Artifact documentation

This is the software artifact accompanying the article CF-GKAT: Efficient Validation of Control-Flow Transformations. This file lists the claims made in the paper, as well as the steps necessary to reproduce them.

Claims

The current version of the manuscript makes the following claims:

Our blinder is able to handle 836 out of 1425 functions in coreutils 9.5
For the mp_factor_using_pollard_rho function in src/factor.c of coreutils 9.5, the following experiments succeed:
1. Blinding the function using our blinder, compiling the blinded version with clang, decompiling it using Ghidra, and then comparing the blinded original to a slightly tweaked version of the decompiled code using the equivalence checker. In particular, the last step (which concerns our contribution) completes in less than a second.
2. Blinding the function using our blinder, factoring out the goto statement using calipso, and then comparing the blinded original to the goto-less code using the equivalence checker. As before, the final step, which concerns our contribution, completes in less than a second.
We have formalized the following claims in Coq:
1. Theorem 3.13 (Correctness of lowering). For a CF-GKAT automaton A and an indicator value i, we can construct a GKAT automaton A↓ such that the translation commutes with the semantics, that is ⟦A↓ᵢ⟧ = ⟦A⟧↓ᵢ^♯.
2. Theorem 3.19 (Correctness of the Thompson construction). Given an expression e, we can construct a CF-GKAT automaton Aₑ such that ⟦e⟧ = ⟦Aₑ⟧, i.e., ⟦e⟧ᵢ^ℓ = ⟦Aₑ⟧ᵢ^ℓ for all indicator values i and all labels ℓ, including the special label ♯ for the program start.

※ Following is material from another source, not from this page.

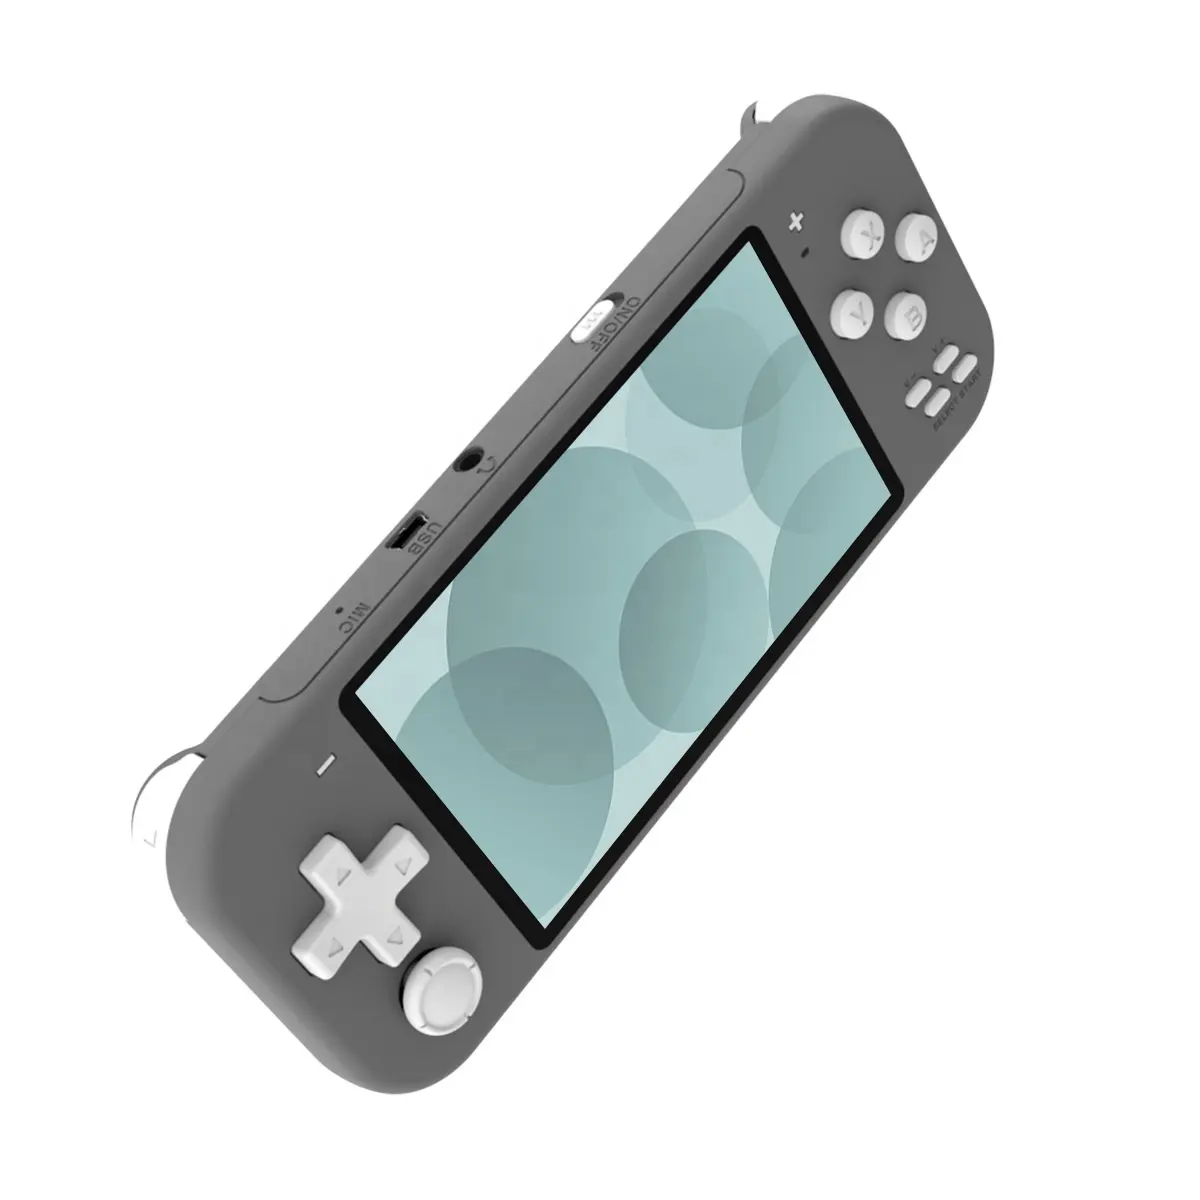 Vendita calda X20 Mini Console di gioco portatile supporta il Download e salvare i progressi del gioco schermo da 4.3 pollici X20 Mini palmare giocatore di gioco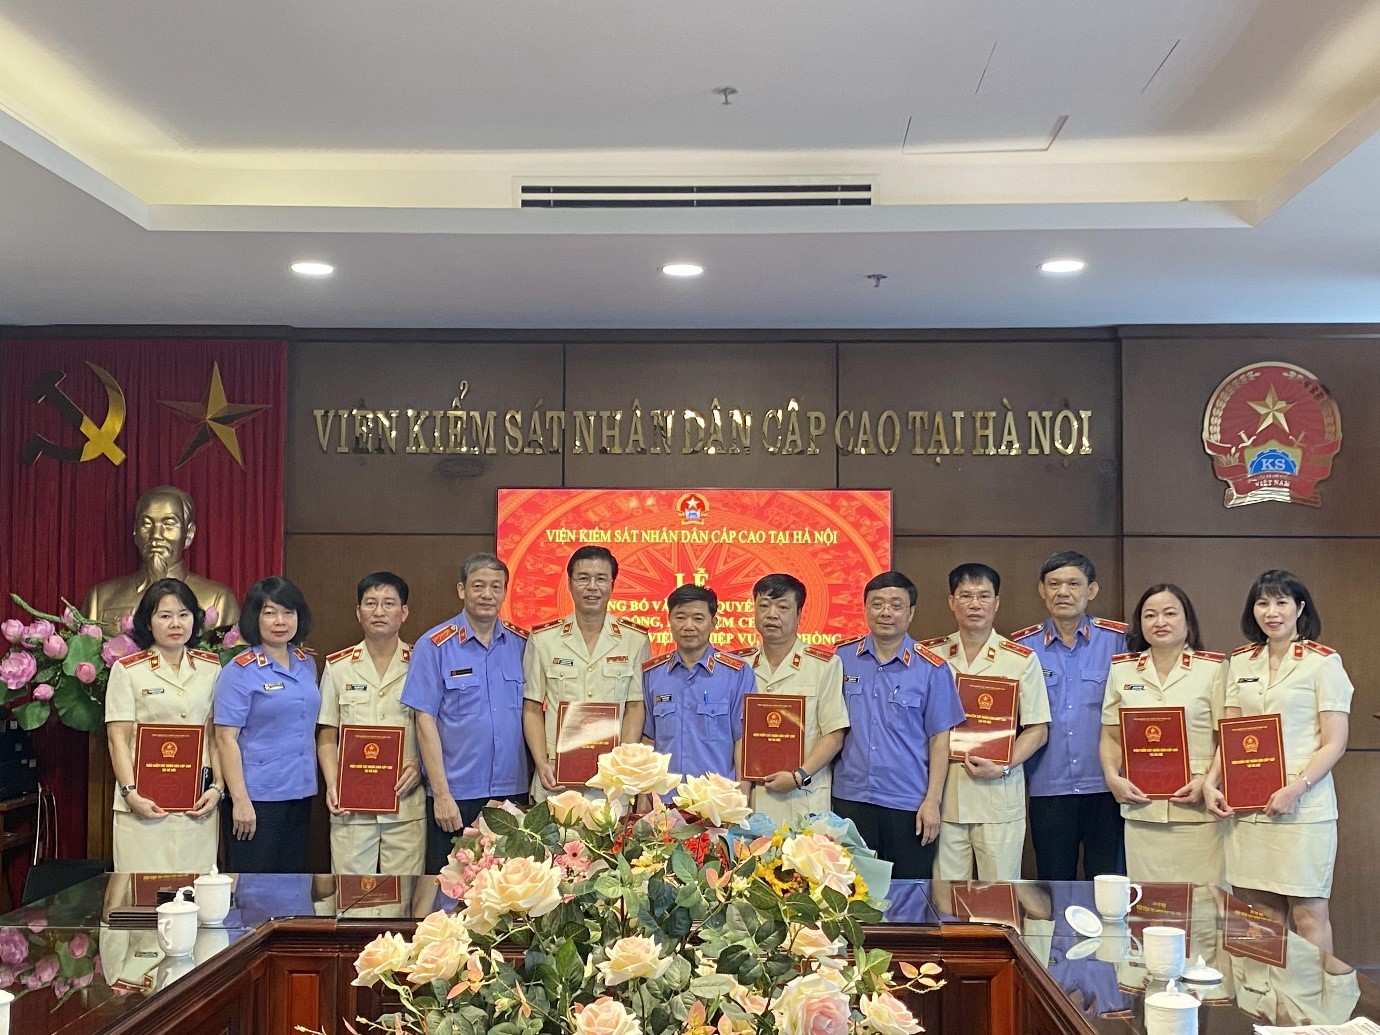 Viện kiểm sát nhân dân cấp cao tại Hà Nội trao quyết định điều động, bổ nhiệm chức vụ lãnh đạo quản lý cấp Viện nghiệp vụ và cấp phòng

While preparing this artifact, we realized that the claims above need to be amended ever so slightly. Specifically:

When repeating the experiment for Claim 1 in the Docker container, a somewhat lower number of functions can be handled by our blinder, than on our host machine, namely 797 instead of 836. We suspect the difference is due to a different version of Clang, Clangml or OCaml in the Ubuntu version used in our container, because our blinder relies on Clangml, the OCaml bindings for Clang's parser.
When repeating the experiments for Claim 2 on older hardware, we found that the equivalence checker needs about 30 seconds to run, rather than completing in less than a second.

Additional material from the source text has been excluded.